On July 15, 2001 the plaintiffs filed the present statement of claim against Prof. Zaslavsky in the amount of 3,000,000 NIS, alleging that the expert opinion given by Prof. Zaslavsky in the previous proceeding totally contradicted expert opinions Prof. Zaslavsky gave in two similar proceedings. The plaintiffs alleged that in both of these expert opinions Prof. Zaslavsky opined that the City of Bnei Brak shared responsibility for similar flooding and damages. The plaintiffs claimed therefore, that Prof. Zaslavsky’s expert opinion in the previous proceeding was false, that he had caused them to lose the previous proceeding and that he was liable to them for both for negligence and fraud.

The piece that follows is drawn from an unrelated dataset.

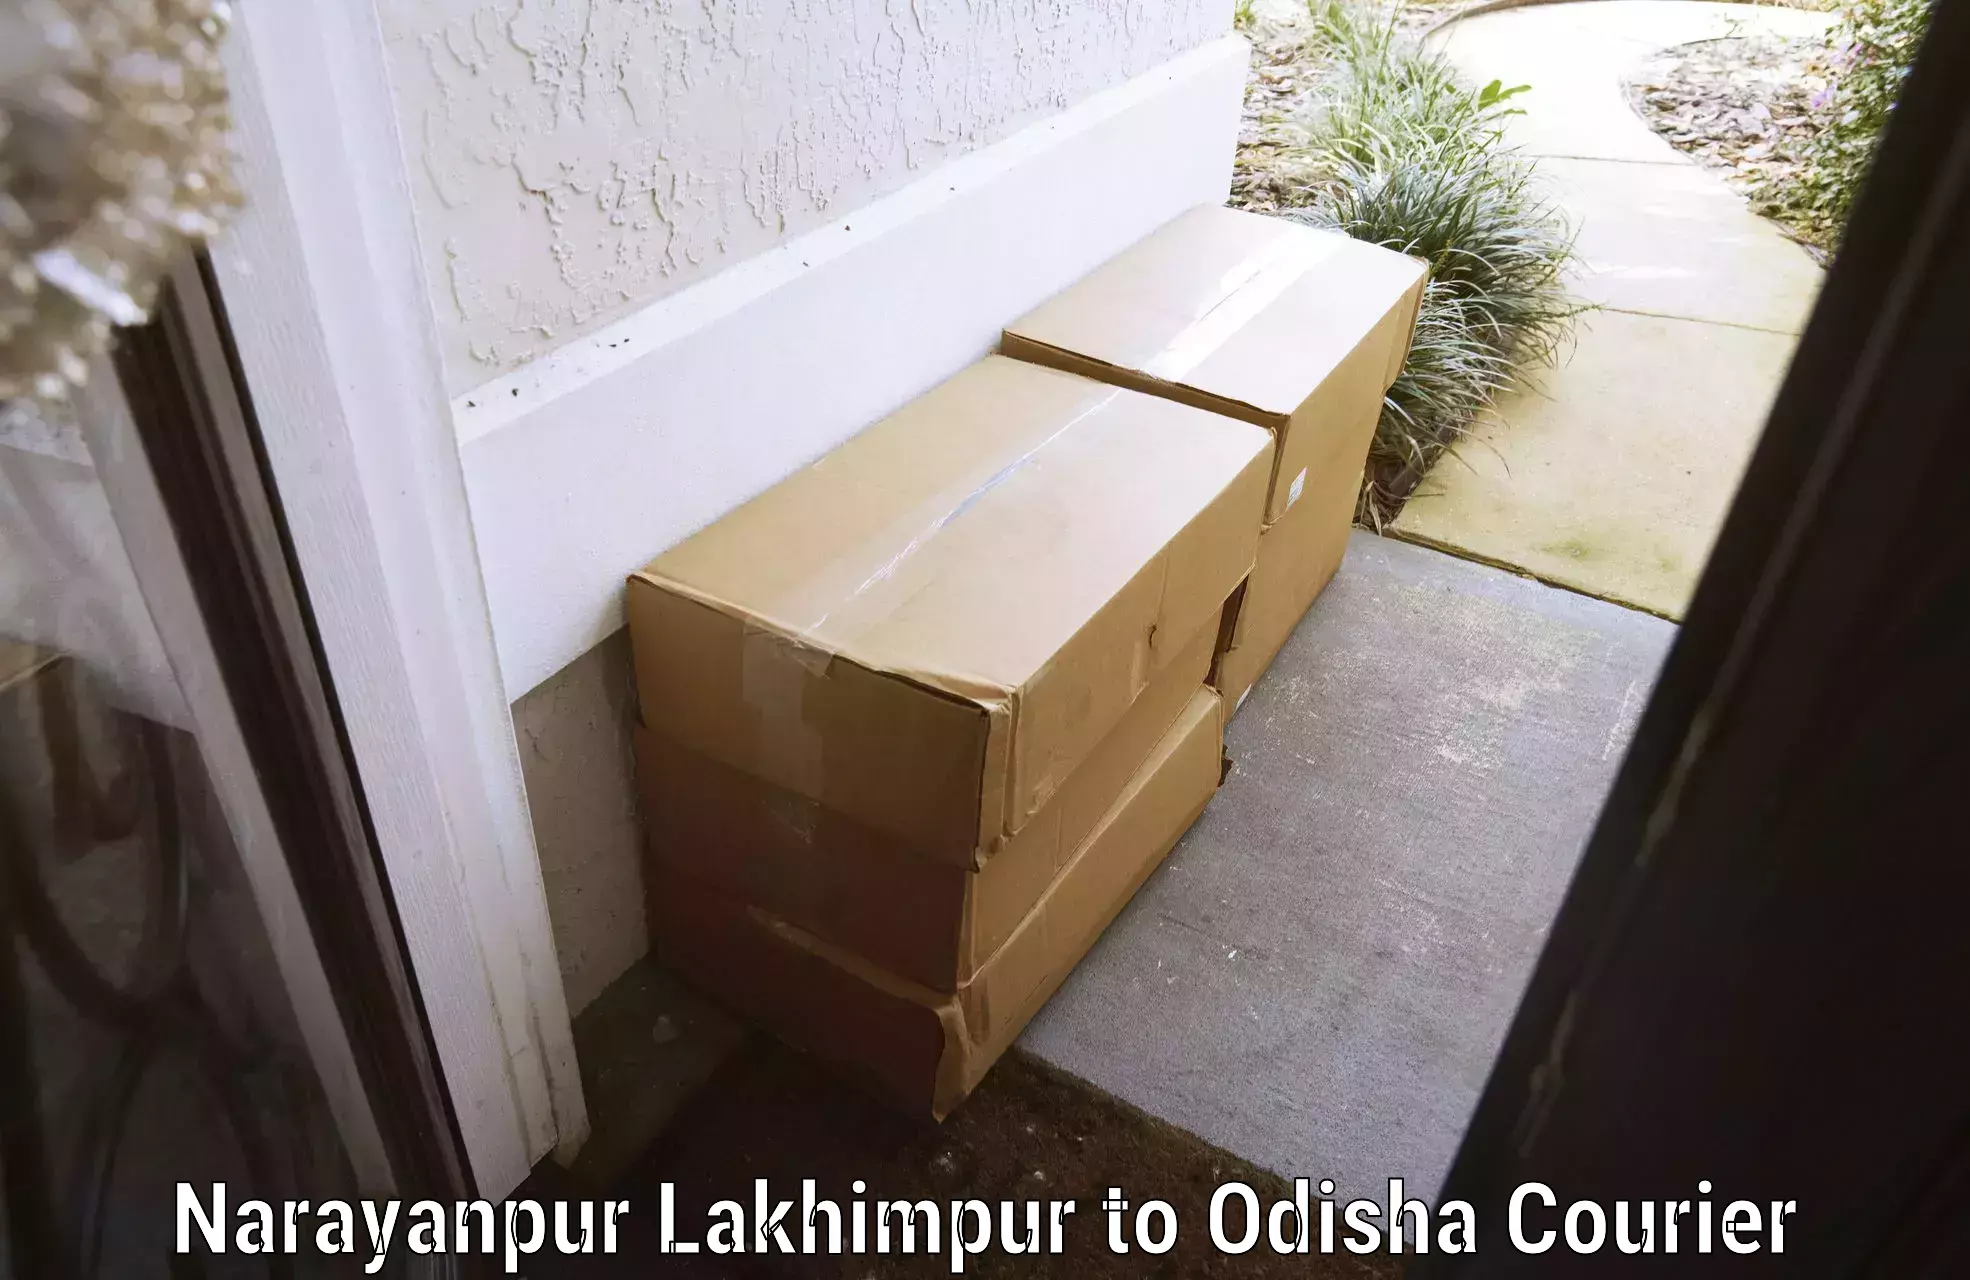 Luggage transfer service Narayanpur Lakhimpur to Adaspur

On September 25, 2001 Prof. Zaslavsky, represented by Zell & Co (Adv. Asaf Biger), filed a motion to strike out the statement of claim for lack of legal merit. In the motion, Adv. Biger claimed (among other things) that an expert witness does not owe a conceptual duty of care to the opposing party for expert testimony given in court and that the expert opinion in question was part of testimony given in court. The plaintiffs responded by claiming their case was based on the longstanding rule that an expert owes a conceptual duty of care for an expert opinion, first laid down by the Supreme Court in the early 1950’s in the matter of Weinstien v. Kadima. The plaintiffs further claimed that the written opinion in question was not part to be regarded as testimony given in court. During the hearing that took place on January 21, 2002, the parties agreed to limit their arguments to the question of the whether or not Prof. Zaslavsky owed the plaintiffs a conceptual duty of care, while the defendant reserved his right to raise the rest of his preliminary arguments (including the argument that the claim of fraud should also be stricken out for lack of legal merit) at a future date.

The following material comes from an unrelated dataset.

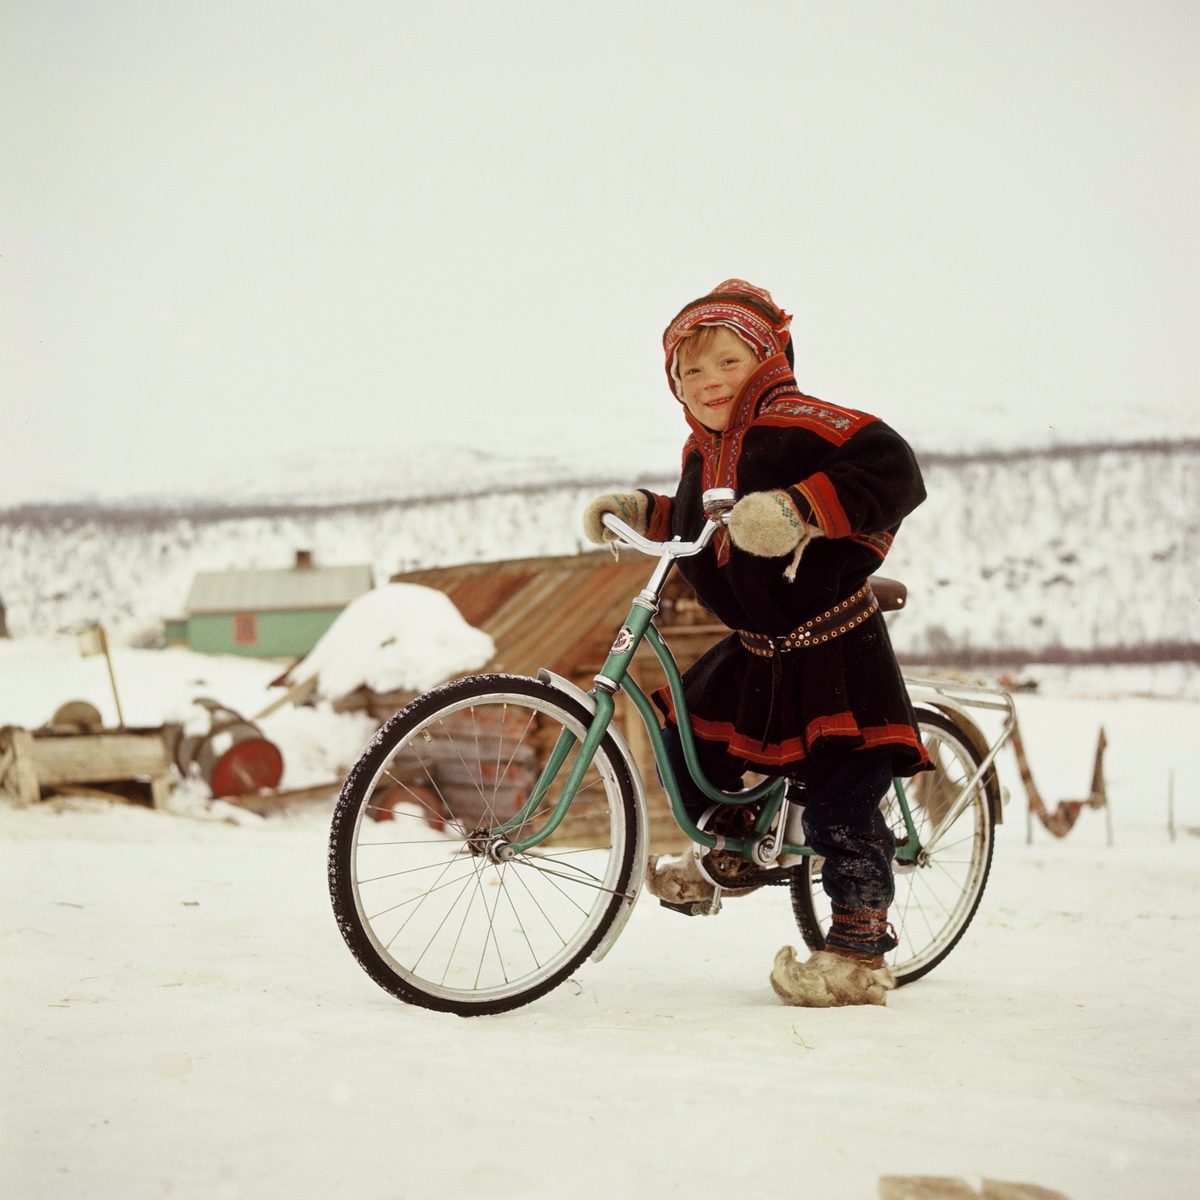 En gutt kledd i tradisjonell samedrakt poserer med sykkel.

In a landmark decision, the District Court accepted Zell & Co’s motion to strike out the negligence for lack of legal merit, stating that an expert witness who testifies on behalf of one party does not owe a conceptual duty of care to the opposing party for a written opinion submitted by the expert in court. Judge Schitzer accepted Adv. Biger’s position that two of the prerequisites for applying the Weinstien v. Kadima rule did not apply in such cases, namely that: (a) an expert witness did not intend and could not reasonably foresee that the opposing party would rely on his expert opinion; and (b) an expert witness could reasonably assume that his expert opinion would be subject to interim examination, i.e. by the court to which it was submitted. Subsequently, Judge Schitzer struck out the claim for negligence and awarded costs to Prof. Zaslavsky.

At this point and subject to the possibility of appeal, the only remaining matter is the claim of fraud against Prof. Zaslavsky.